Fellows in all cities will also organize public programs that integrate contextual learning, volunteering, and reflection. In the past, Fellows have organized a documentary screening followed by a discussion with a representative from one of Repair the World’s service partners. Other public programs have included a happy hour centered around a social justice conversation, a Passover solidarity seder, and a four-part vacant lot clean-up program for a local synagogue’s 20s and 30s group.

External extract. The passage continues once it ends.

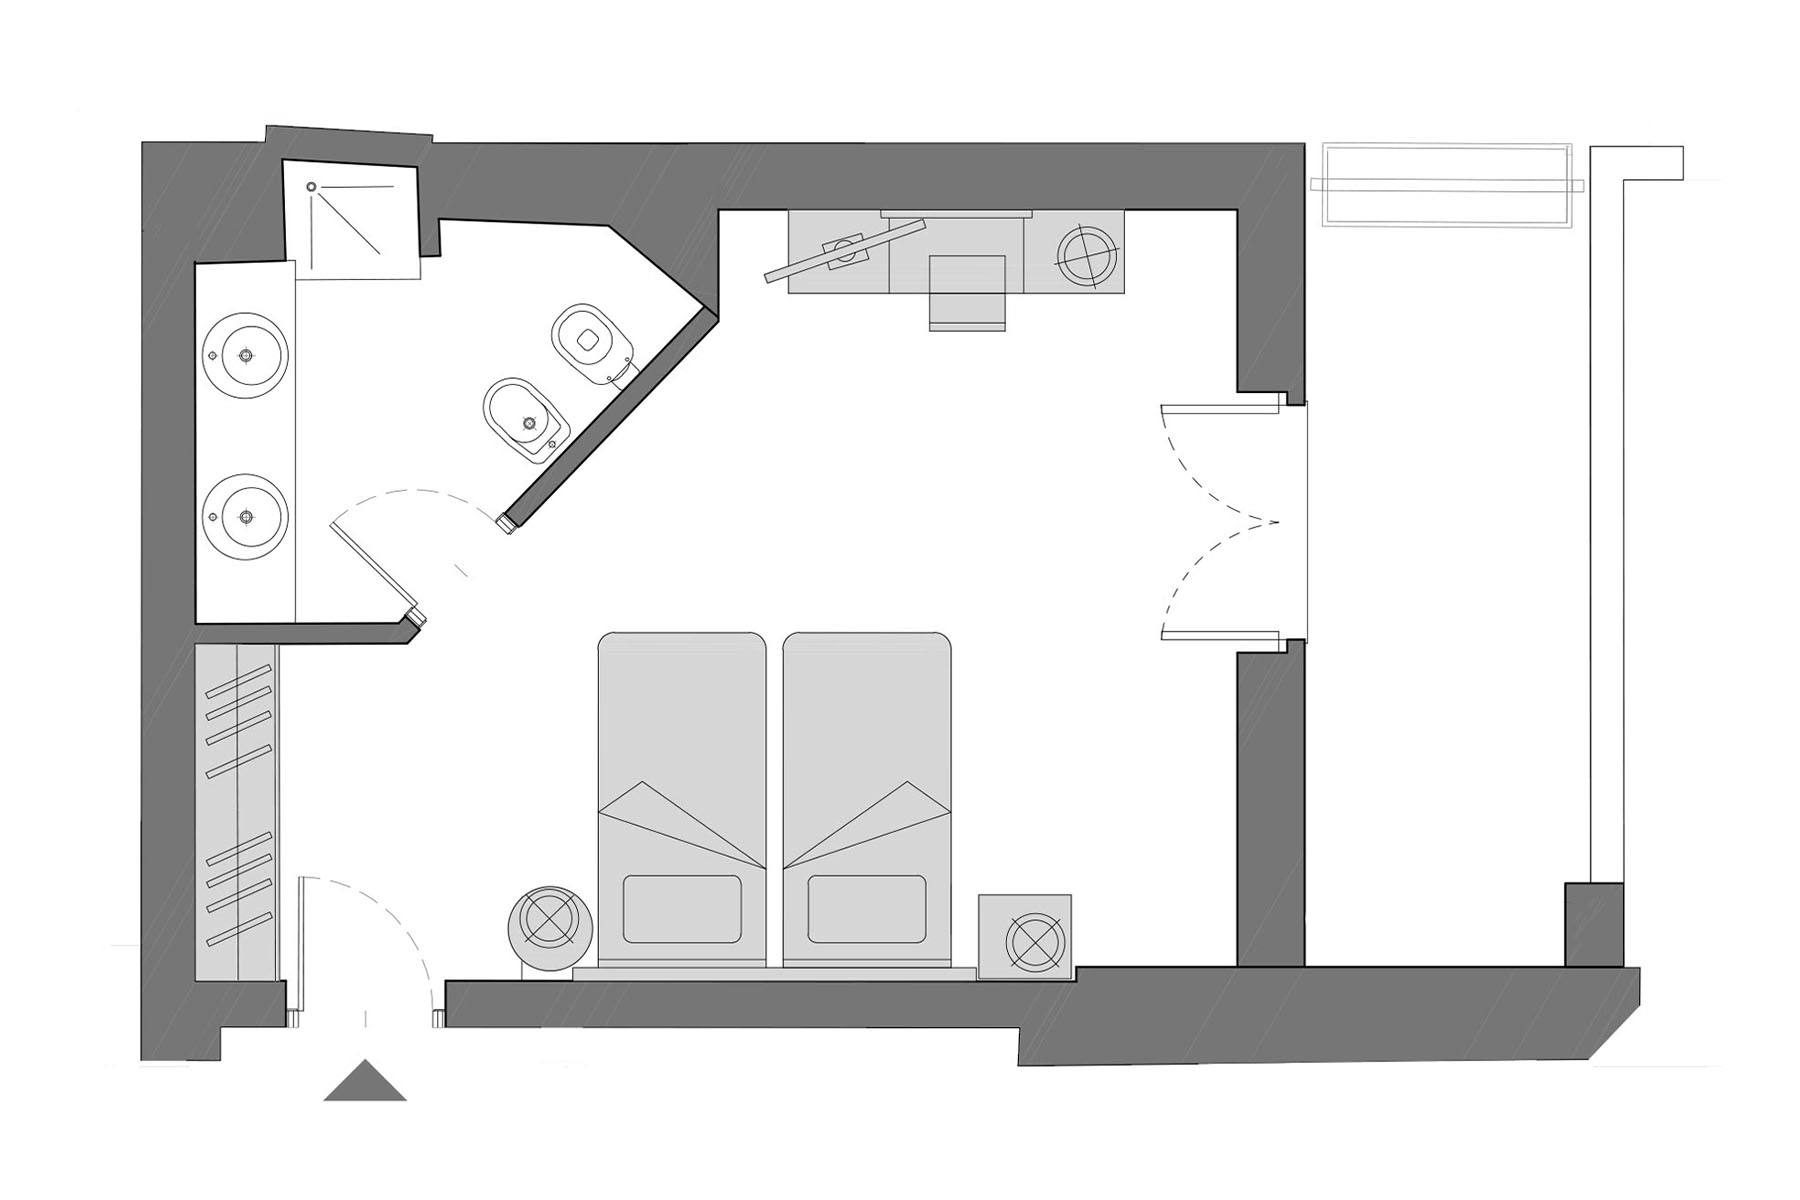 planimetria deluxe room

“This is one of my favorite questions because there really is no typical day when you are a fellow. On top of that, every city structures their day and their week a little bit differently. That being said, you can expect to do certain things while you are in the Fellowship and each week in your city. One part of the work that you will be doing as a fellow will be to plan events to engage community members. You’ll spend part of the week collaborating with fellow fellows and your city director to plan social justice themed events that will take place in your local neighborhoods. Another aspect of the program is professional development and learning. Fellows will engage in weekly learning sessions to learn about social justice topics and their communities. Jewish learning is incorporated into this part of the program to strengthen the understanding and connection between Jewish values, social justice, service, and volunteerism. Fellows will also volunteer with local organizations, attend local community events (such as happy hours, campus organization fairs, etc.), and recruit volunteers. While it may seem daunting (or frustrating) that there is “no typical day in the fellowship” it is one of the best things about the program. It allows fellows to be exposed to multiple parts of the nonprofit world and grow in multiple ways. Fellows are able to utilize their strengths and have the opportunity to learn from a diverse group of people those around them.” – Nina Rosenberg (Philadelphia Fellow ’15-’16)

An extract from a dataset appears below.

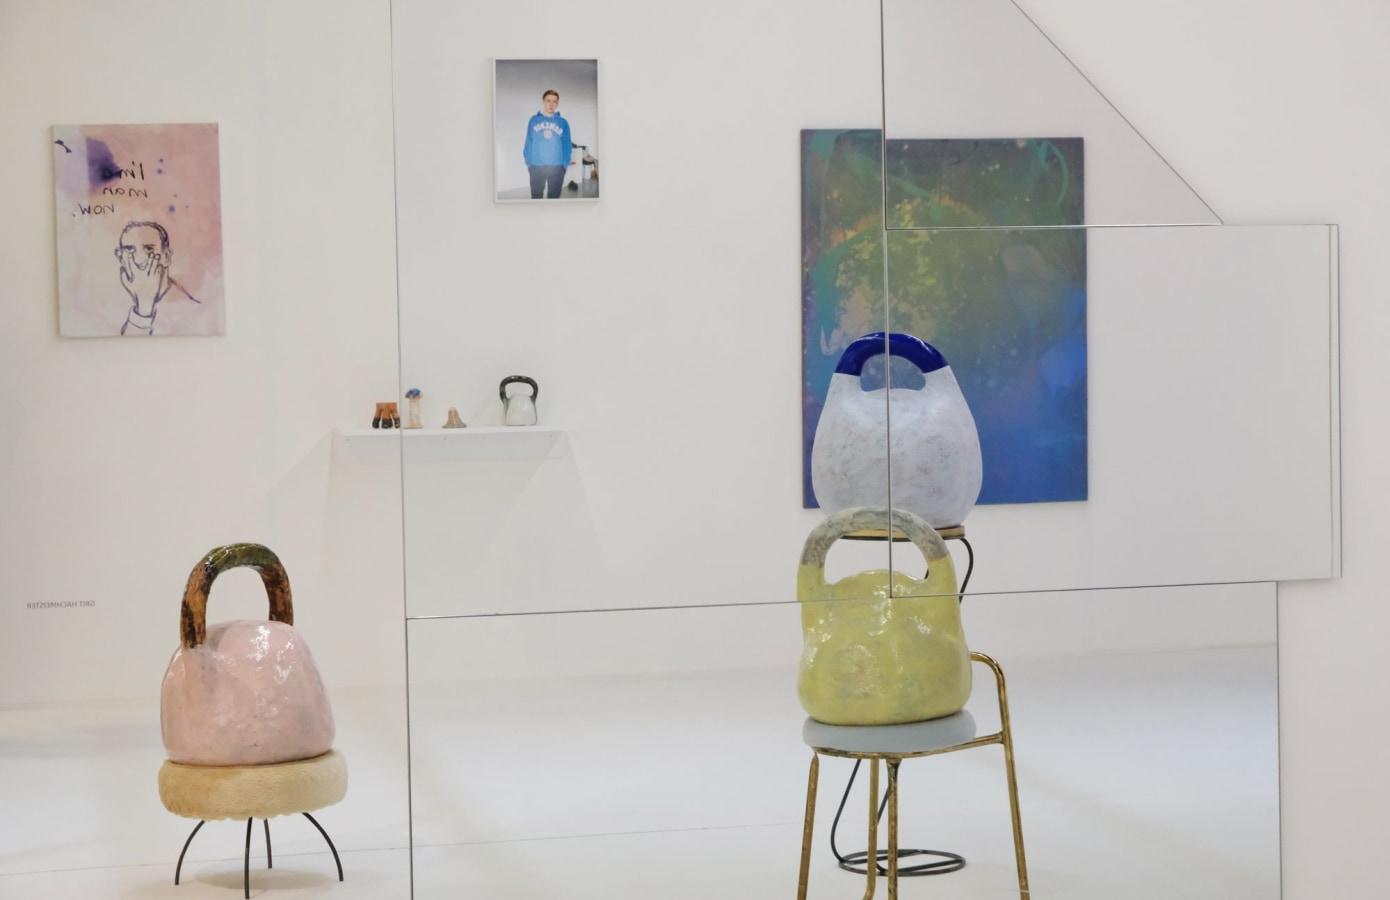 Art Rotterdam 2019, FAMED, Grit Hachmeister, Matthias Reinmuth,

“One of the most exciting parts of the Repair The World fellowship is that your daily schedule is always different. One day you may be volunteering with your Food or Education Justice service partners, teaching coding or getting your hands dirty on an urban garden. And the next day you may be having back to back coffee dates with amazing local young adults interested in the powerful work you’re doing, and working with them to create the perfect volunteer opportunity for their lives. Besides volunteering at your service partners, you will also be working closely with diverse Jewish communities, partnering with them in so many different ways; You may be partnering to put on a beautiful Shabbat dinner together, run a booth at a Temple’s community fair, teach a class on food justice at a local Jewish day school, and so much more. Your days are always changing, and you’re always meeting and working closely with an extremely diverse group of people.” – Taylor Cohen (NYC ’15-’16 Fellow)
“I think what I was most surprised about with the fellowship were the transferable skills. I didn’t realize that I would have a crash course on social media, marketing, networking, event planning, public speaking, data management, a bunch more. These skills along with my newly earned knowledge on social impact issues and techniques for alliance and solidarity have really made me feel like the experience was worth it personally and professionally as well!” – Jon Cohen (NYC Fellow ’15-’16 )
“My communication skills improved immensely through my time with Repair the World. As Fellows are gently nudged outside of their comfort zones in social situations, my experiences taught me how to actively listen and form connections with people that I didn’t previously know. Additionally, being a fellow was instrumental in helping me overcome my biggest fear: public speaking! I began to embrace speaking engagements (from talking around a table of 5 people to presenting in front of a group of 50) and haven’t looked back!” – Becca Sufrin (Pittsburgh Fellow ’14-’15 )
“Training for the Repair The World Fellowship generally takes place in three parts. The first part is an intensive, 4-5 day orientation in a central location with the entire organization, including all staff and all of the new fellows. The goals of National orientation are to familiarize fellows with the nonprofit, introduce them to the mission and the methods, meet the staff and other fellows, and begin working on the skills necessary to be successful within the fellowship. Activities include guest speakers, interactive learning sessions, and fun-filled social events.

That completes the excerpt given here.